Monday, March 3, 2008

Somebody's Watching Me .... Creepy or Cool?

It's an old 80s song. And it's creepy. The writer must have been schizophrenic or drugged up... or both. Either way, the song is creepy. Ok, ok first of all I'm not schizophrenic or on any drugs, except for some cold medicine. But lately it's felt as though someone has been watching me. That someone is either Boyd Bailey, Pastor Byron, Dr. Wilcox, or God. You see, I've been going through a difficult struggle with something over the past eight weeks that has caused me to feel horrible. The pits. Crapolla. Garbage. Need I go on? No, I didn't think so. I mean everywhere I have gone for the past eight weeks or so, I have either heard, read or seen something related to what has been going on in my life; exactly related. Creepy.

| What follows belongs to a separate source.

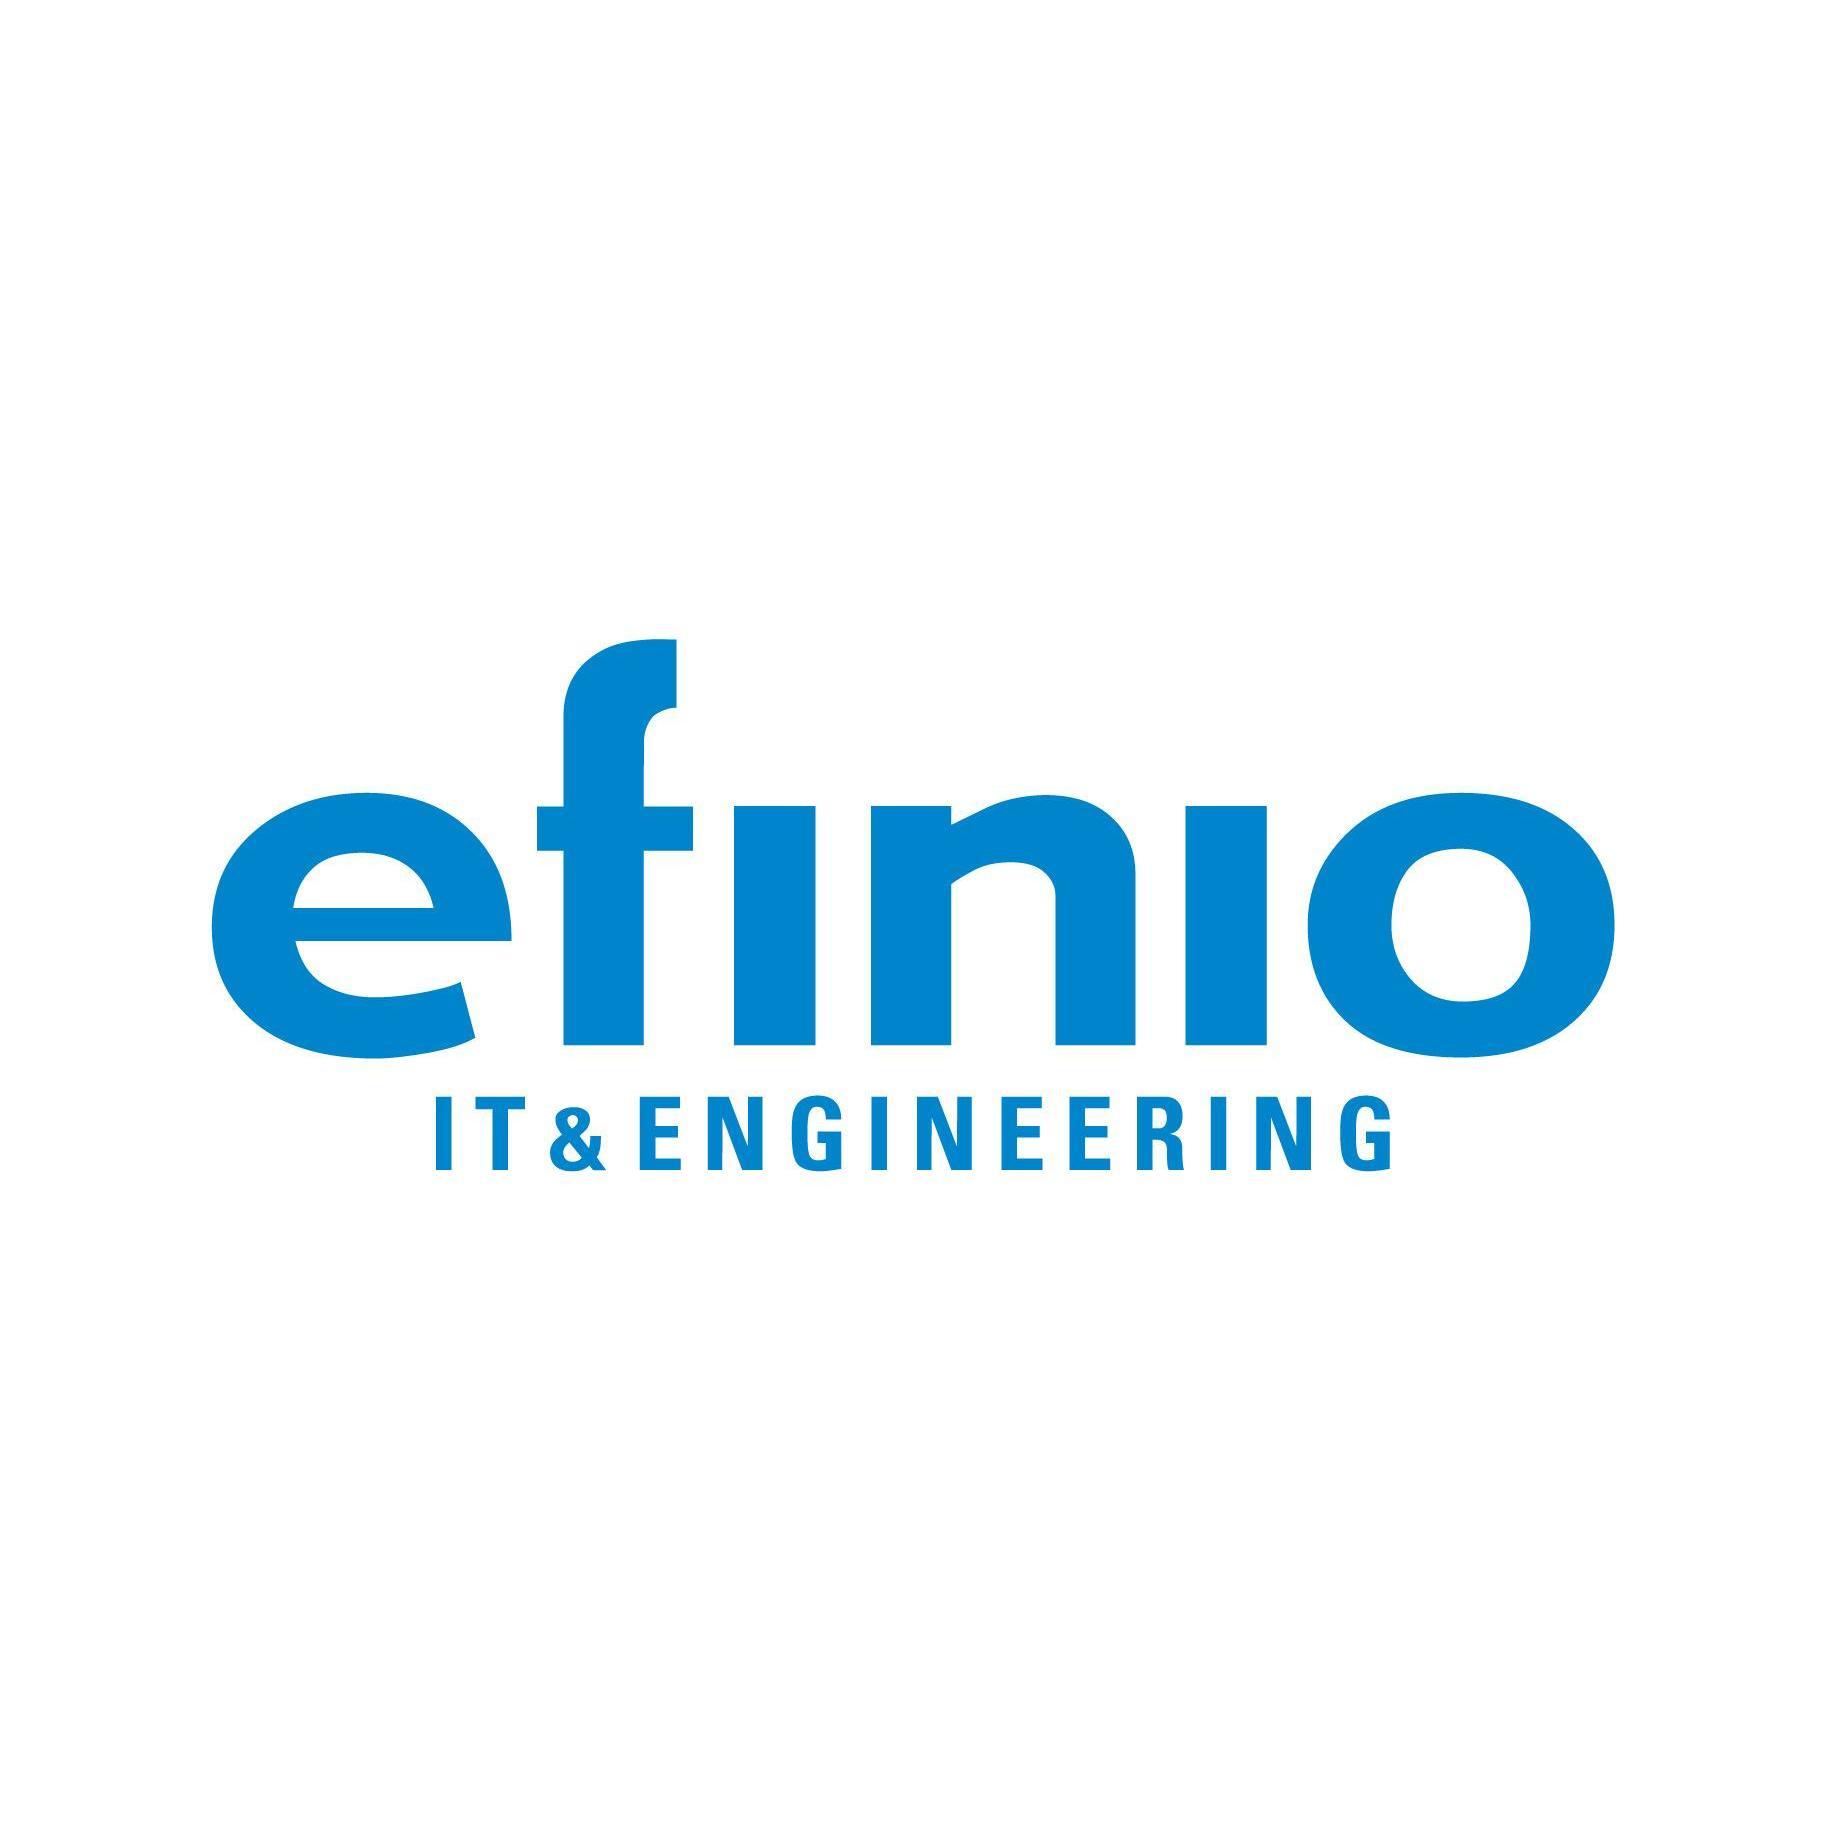 efinio IT & ENGINEERING

This thing I have been dealing with involves being used and taken advantage of. At first, I thought I was being used for help. Since helping others is a strength and a gift of mine, I was more than happy to oblige. However, that help turned into enabling. Something I noticed eight weeks too late. This individual used their weakness as their greatest ally and took advantage of me. I didn't even notice it until it was too late. I'm sitting in a meeting where this individual was supposed to also be, but refused and discovered this individual scheduled a meeting prior to mine and wrote an elaborate email defending her case. I was shocked, appalled and disgusted. I felt like leaving, throwing up and passing out, all at the same time. I thought to myself, "What the hell is the point of this meeting now?" I felt demolished, sabotaged, jaded, pretty much beat up.

So how does this relate to the thought of being watched, you ask? Well, I'm getting there. At this meeting I was dealing with a lot of anger, hatred, unforgiveness, betrayal, and a few more not so good feelings toward a fellow believer. The mediator for this meeting validated my feelings and told me "forgiveness is a process". As some of you may know, I have to work extra hard at being patient. It's my least favorite word and goal; however, when he said this, I was relieved. I was expecting it to happen instantly. And for those of you who know me, I should know better than to think such nonsense. I've read the books about forgiveness, been to the Bible studies, read the book of Matthew about a hundred times or more, heard messages from pastors about this type of thing since I was old enough to understand - and yet I still expected forgiveness to be instantaneous. So as not to feel like garbage any more; someone else's garbage for that matter. And, no, I wasn't feeling like the old adage, "Someone's garbage is someone else's treasure." I was feeling like garbage, period. Not treasure.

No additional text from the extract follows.